Лицо Иоакима наполнилось страданием. Он закашлялся, и отвернулся. Потом заскрежетал зубами:

– Я убью их. Завтра, на казни, подберусь сзади и воткну нож Ездре прямо в глаз по самую рукоять. Да, я так и сделаю. Чтобы клинок пробил его глазницы, и он корчился в песке, и злобные мысли из его мерзкой головы стекали бы …

– Прекрати…

– Элохим, мне больно. Элохим, мне очень больно…вот тут, – он ткнул себя в грудь. По его лицу текли слезы. – Мне хочется сейчас вскрыть ножом свою грудь, чтоб эта боль вышла наружу и не сжигала бы мою душу. Чем утолить эту боль? Возмездием? Возмездием!

– Тебя побьют камнями только за твои слова, – Элохим настороженно оглянулся.

– И хорошо. А я даже хочу, чтобы меня побили камнями. Что же вы, богоизбранный народ!!! Бейте меня! Целуйте своих подонков-судей в обгаженные задницы!!! – у Иоакима началась истерика. Он кружился на месте, расставив руки, и то рыдал, то смеялся неестественным смехом и орал дурным голосом. – Богоизбранный народ, знай, что ты был создан Богом не из праха, а из …дерьма!!! Вы все дерьмо!!! Бейте меня, храбрецы! Бейте мою моавитскую жену!!! Дерьмо!!! Что вы мне сделаете?!!! Дерьмо!!!

Элохим с размаху ударил бьющегося в истерике под дых, в солнечное сплетение. Рука заныла. Иоаким перегнулся пополам и затих. Взвалив на себя друга, Элохим занес его в дом, приговаривая:

– Тише… Тише, браток… Не шуми… Погубишь и себя, и меня…

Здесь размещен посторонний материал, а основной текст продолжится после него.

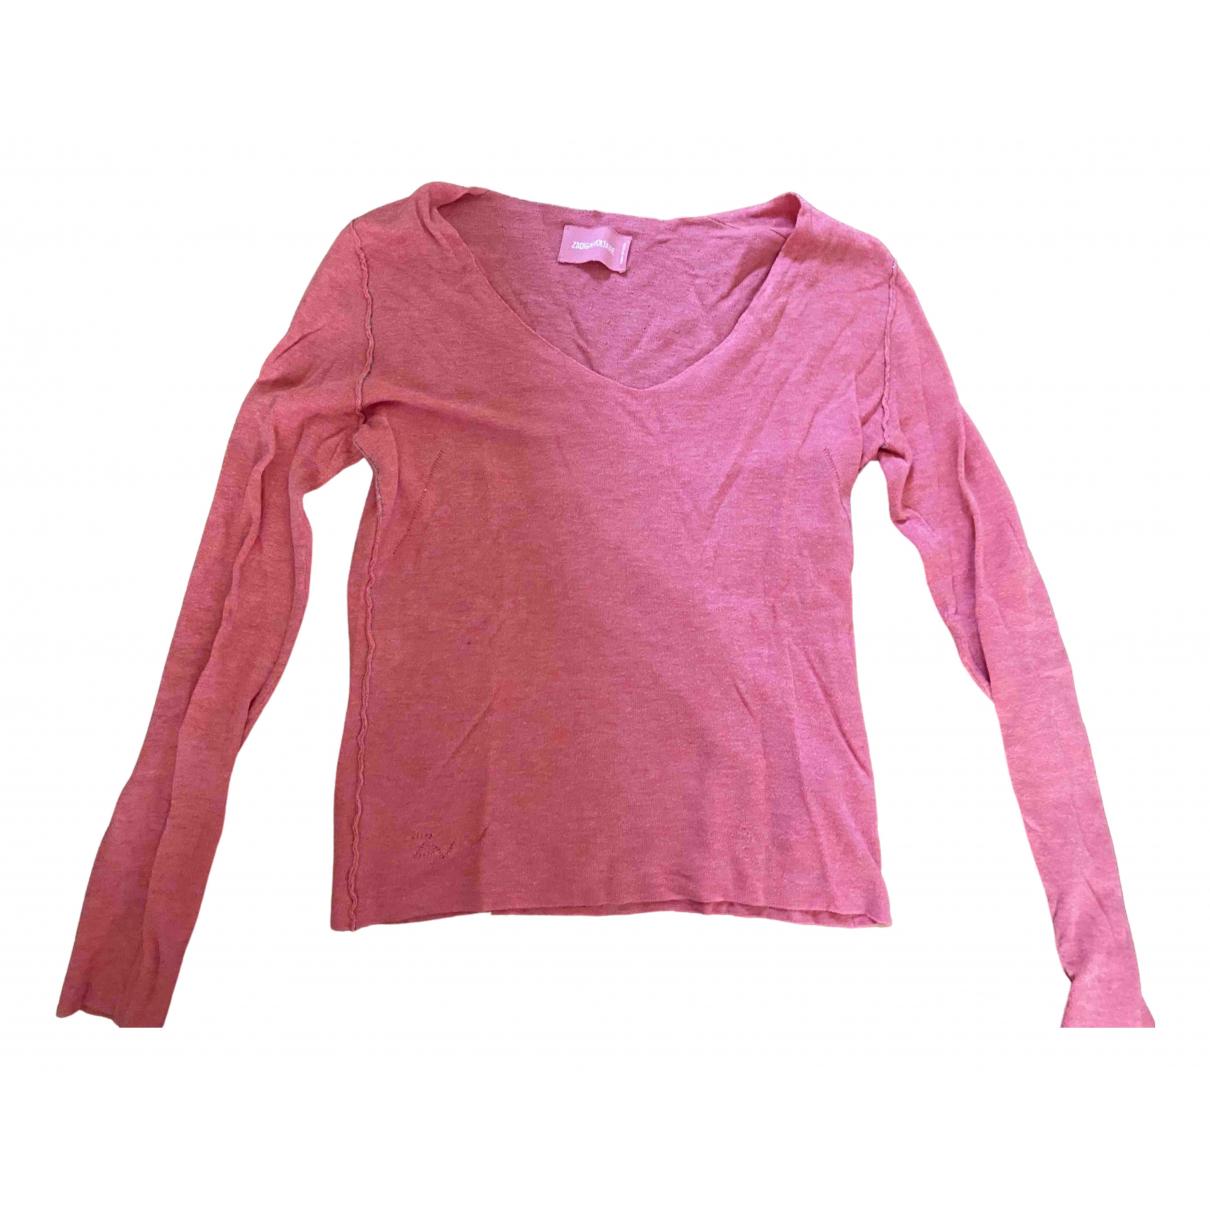 Zadig & Voltaire \N Pink Cotton Knitwear for Women S International

Уложив его на лежанку, он потормошил лежащего. Тот начал потихоньку отходить от удара, и приоткрыв глаза, скорбно смотрел на невысокий потолок.

– Есть только одна надежда…э…да и не надежда… а так. Никто из законников не будет держать слово против Ездра. Но есть …

– Что есть…

– Знаешь, царь вавилонский организовал школу для наиболее способных детей покоренных народов… Учит их законам, пониманию всякого слова…

– И что с этого?

– У него учатся наши, еврейские мальчишки… Они проходят в том числе Моисеев закон, и в принципе, могут выступить против Ездры… Никто этого не запретит.

– Ты смеешься надо мною?

– Не более, чем ты, когда пришел ко мне с просьбой пойти против Ездры… Вавилонский царь любит этих мальчишек, как своих щенков. Он не даст их в обиду. Поэтому они вполне могут потявкать на Ездру. Может так тебе будет легче. Вавилонский царь даст тебе ученого отрока, если ты его попросишь.

– Тогда поехали…

Иоаким привстал и с болезненной гримасой начал потирать ударенное место.

– Извини, пришлось… – в ответ на это бросил Элохим. – Не хватало еще истерик в этом месте, где соседи могут запросто доложить обо всем лично Ездре.

Элохим сохранил еще воинские привычки, и поэтому недолго думая, запахнул халат и вывел из конюшни своего великолепного вороного скакуна с лоснящейся шерстью. Погладив его гриву, он прижал голову к лошадиному крупу.

– Вперед, друг… Во дворец царя… Что, – улыбнулся Элохим, – объявляем войну.

– Ты боишься?

– Нет, друг, не боюсь. Мы с тобой были на одной стороне не в таких битвах. Что ж, выставим мальчишку против всего коварства судей Израиля. Хороши ставки?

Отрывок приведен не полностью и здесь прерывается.